**Assigned task:**
The required result is every line of the records that includes "Photo".

========================================

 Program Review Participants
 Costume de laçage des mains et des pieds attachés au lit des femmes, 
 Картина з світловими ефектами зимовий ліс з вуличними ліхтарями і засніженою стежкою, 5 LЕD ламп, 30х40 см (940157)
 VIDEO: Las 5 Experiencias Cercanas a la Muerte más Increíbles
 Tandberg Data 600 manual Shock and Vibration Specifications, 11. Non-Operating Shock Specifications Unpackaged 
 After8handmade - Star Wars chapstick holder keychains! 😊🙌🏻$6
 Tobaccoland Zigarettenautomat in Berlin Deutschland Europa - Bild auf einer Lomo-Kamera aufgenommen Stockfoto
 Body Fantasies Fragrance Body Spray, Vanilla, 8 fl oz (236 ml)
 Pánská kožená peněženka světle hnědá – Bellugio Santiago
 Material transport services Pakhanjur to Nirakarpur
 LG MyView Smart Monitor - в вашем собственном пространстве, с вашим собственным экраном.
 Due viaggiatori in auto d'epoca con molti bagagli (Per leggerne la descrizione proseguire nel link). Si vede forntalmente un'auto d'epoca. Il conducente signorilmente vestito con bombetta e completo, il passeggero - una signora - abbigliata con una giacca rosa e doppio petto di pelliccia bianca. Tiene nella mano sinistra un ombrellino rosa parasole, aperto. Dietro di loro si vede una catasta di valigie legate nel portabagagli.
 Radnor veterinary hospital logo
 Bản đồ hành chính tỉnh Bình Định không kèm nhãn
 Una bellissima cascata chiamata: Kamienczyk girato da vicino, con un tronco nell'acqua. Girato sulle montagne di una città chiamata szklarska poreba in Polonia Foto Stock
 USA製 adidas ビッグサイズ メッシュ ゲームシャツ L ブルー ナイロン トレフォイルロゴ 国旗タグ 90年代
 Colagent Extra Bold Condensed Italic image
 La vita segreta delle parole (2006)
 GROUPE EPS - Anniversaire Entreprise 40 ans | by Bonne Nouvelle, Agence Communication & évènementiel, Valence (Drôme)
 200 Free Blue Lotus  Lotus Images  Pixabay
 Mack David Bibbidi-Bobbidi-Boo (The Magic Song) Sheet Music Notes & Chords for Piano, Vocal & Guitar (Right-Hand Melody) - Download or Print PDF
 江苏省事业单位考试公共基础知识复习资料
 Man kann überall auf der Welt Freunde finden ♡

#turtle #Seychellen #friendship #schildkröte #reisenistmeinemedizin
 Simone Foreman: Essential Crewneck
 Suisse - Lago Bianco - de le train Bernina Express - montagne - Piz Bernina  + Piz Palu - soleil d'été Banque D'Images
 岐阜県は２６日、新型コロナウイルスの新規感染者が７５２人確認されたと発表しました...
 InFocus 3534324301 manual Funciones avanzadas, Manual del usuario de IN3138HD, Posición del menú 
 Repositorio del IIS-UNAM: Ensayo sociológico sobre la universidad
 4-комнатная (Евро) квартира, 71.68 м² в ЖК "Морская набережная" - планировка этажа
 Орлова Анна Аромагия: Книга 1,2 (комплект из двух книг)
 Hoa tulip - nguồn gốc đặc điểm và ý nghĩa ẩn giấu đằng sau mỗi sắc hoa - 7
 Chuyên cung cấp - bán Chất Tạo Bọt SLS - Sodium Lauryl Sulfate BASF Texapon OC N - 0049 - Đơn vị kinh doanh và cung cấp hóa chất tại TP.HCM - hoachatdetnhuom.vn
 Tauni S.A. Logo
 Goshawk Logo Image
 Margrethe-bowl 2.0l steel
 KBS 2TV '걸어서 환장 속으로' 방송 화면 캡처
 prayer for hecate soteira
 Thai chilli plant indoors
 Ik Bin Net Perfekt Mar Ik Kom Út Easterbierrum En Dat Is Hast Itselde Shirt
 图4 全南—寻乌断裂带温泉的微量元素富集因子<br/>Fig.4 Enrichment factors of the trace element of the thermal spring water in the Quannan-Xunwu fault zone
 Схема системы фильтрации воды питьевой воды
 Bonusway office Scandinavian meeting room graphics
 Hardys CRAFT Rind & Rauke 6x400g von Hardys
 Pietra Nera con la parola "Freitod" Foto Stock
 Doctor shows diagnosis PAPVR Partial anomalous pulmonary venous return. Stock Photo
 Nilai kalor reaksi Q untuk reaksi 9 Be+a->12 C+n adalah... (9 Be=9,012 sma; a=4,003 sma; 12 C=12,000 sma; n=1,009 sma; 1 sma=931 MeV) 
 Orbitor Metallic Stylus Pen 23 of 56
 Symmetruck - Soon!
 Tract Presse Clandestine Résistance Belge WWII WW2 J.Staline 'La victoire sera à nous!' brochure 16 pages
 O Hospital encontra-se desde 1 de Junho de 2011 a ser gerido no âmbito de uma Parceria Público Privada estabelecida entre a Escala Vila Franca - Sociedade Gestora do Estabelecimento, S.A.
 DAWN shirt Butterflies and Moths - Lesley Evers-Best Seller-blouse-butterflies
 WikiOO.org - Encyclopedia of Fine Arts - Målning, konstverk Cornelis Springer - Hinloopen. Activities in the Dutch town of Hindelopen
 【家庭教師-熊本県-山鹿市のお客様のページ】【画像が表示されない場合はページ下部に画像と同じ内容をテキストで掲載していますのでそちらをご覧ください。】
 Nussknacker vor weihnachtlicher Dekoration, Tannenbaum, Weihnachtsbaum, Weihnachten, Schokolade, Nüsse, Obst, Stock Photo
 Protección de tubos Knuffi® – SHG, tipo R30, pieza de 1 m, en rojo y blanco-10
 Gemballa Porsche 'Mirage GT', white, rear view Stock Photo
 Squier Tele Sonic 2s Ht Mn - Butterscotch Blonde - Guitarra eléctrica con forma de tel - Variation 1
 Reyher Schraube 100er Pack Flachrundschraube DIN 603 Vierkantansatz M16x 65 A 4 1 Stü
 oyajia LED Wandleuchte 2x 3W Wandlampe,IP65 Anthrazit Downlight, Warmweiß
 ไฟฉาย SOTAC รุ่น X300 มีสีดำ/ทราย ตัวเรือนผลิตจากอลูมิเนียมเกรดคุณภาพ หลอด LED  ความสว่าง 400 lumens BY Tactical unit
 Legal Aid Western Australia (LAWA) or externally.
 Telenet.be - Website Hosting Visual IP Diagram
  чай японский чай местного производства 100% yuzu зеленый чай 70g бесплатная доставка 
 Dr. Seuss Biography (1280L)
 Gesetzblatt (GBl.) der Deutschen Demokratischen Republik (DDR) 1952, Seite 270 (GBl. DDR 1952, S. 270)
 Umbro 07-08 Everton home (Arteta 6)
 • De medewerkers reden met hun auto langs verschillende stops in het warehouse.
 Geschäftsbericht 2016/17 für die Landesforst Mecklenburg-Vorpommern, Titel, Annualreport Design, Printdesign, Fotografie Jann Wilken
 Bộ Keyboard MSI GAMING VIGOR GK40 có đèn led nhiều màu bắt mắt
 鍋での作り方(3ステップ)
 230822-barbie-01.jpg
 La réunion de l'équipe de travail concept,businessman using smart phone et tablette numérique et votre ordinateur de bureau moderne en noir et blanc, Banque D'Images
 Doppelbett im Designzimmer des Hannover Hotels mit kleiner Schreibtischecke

========================================

**Solution for this problem:**
 Doctor shows diagnosis PAPVR Partial anomalous pulmonary venous return. Stock Photo
 Nussknacker vor weihnachtlicher Dekoration, Tannenbaum, Weihnachtsbaum, Weihnachten, Schokolade, Nüsse, Obst, Stock Photo
 Gemballa Porsche 'Mirage GT', white, rear view Stock Photo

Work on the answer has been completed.